Anyone have info on how to correctly split them? Mine hollowed in the middle (only just).. it's about twice the size of a golf ball.. I carefully tore it in half, and have been using a very fine thread to wrap around it until I get a round shape.. is this the way to do it? The only issue I could think of, is maybe I am compacting them too tight? 

If I don't wrap them though, will they ever grow into balls, or just remain irregularly shaped clumps? Thanks!


----------



## CPTHOMAS

I just picked up a Marimo Ball at PetSmart in Beaverton, Oregon! I was pretty surprised to see them there...Just an FYI...easier than shipping them to you from overseas. Mine is beautiful and fluffy.
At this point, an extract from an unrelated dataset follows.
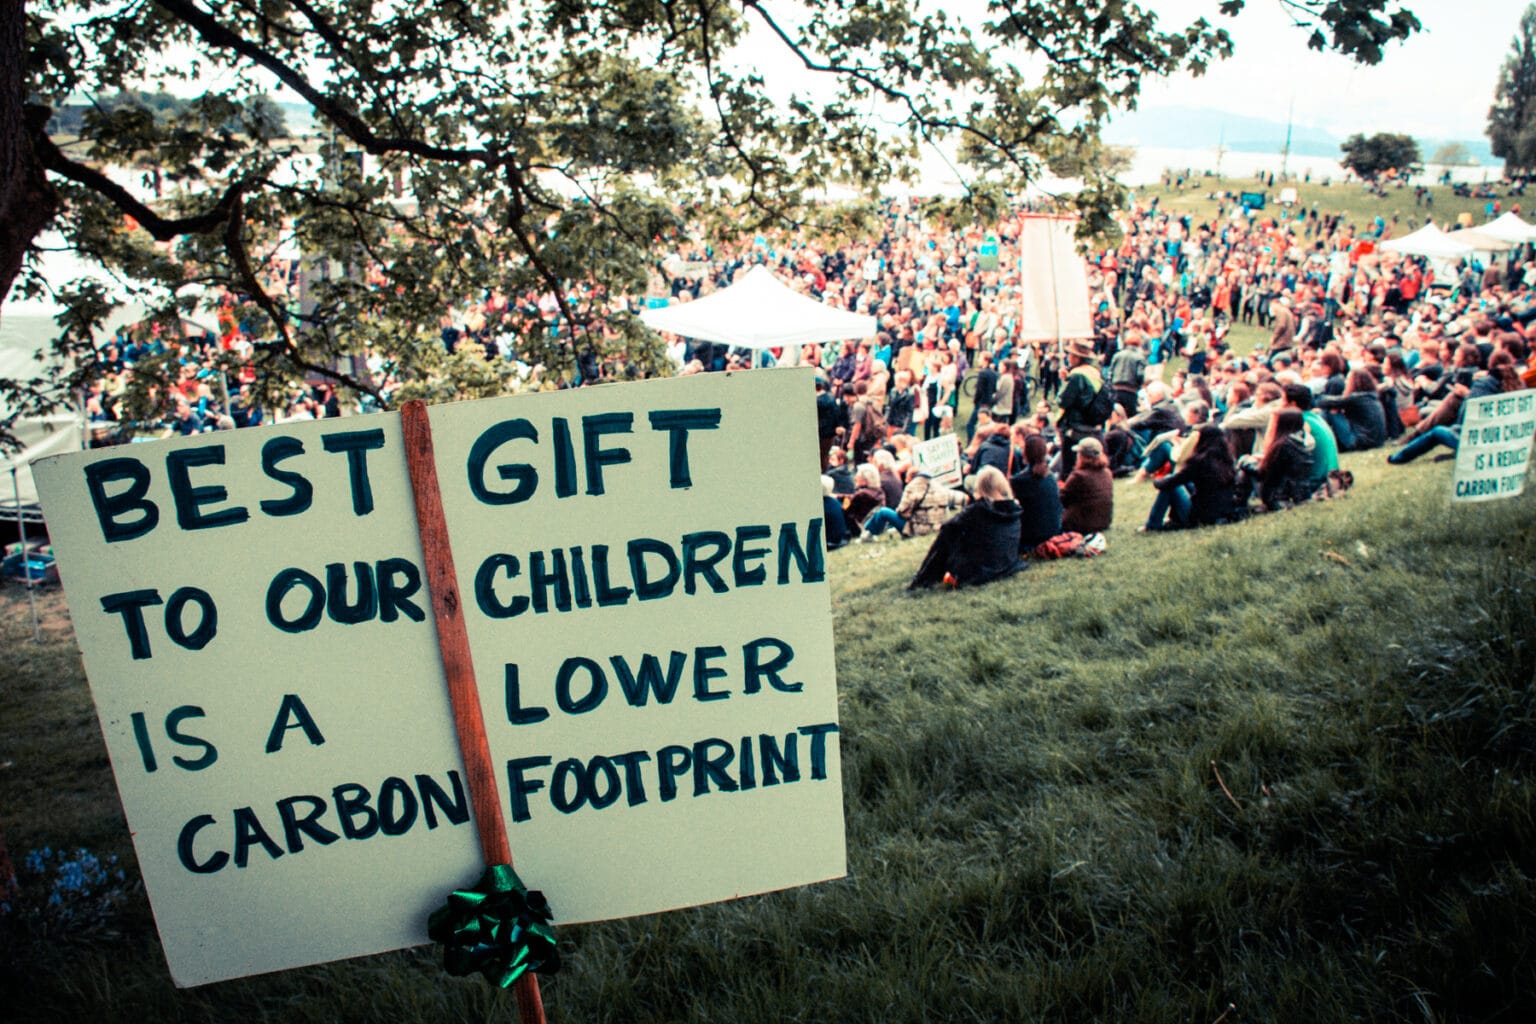 Hand-painted poster reading 'Best gift to our children is a lower carbon footprint' and crowds seated on grassy hill beyond

I will check back on tips to keep it growing...


----------



## juststarthere

*something to ask here..*

im just new here. i'm nt sure dis page if i post question need to pay o not? 

i bought a marimo ball tat day through online.. but i'm not sure what kind of water i nid to use. i can use filter water ? o i nid 2 use pipe water?


----------



## ADA

juststarthere said:


> im just new here. i'm nt sure dis page if i post question need to pay o not?
> 
> i bought a marimo ball tat day through online.. but i'm not sure what kind of water i nid to use. i can use filter water ? o i nid 2 use pipe water?


Welcome!

No, you don't need to pay, to post here.

Marimo balls do pretty well in tap water, just make sure you have an established tank (one that has cycled to grow the good bacteria) and when you add water or do water changes, you can either add a dechlorinator or just leave the bucket of water out for a couple of days, which should give most of the chlorine time to evaporate on it's own before adding to the tank.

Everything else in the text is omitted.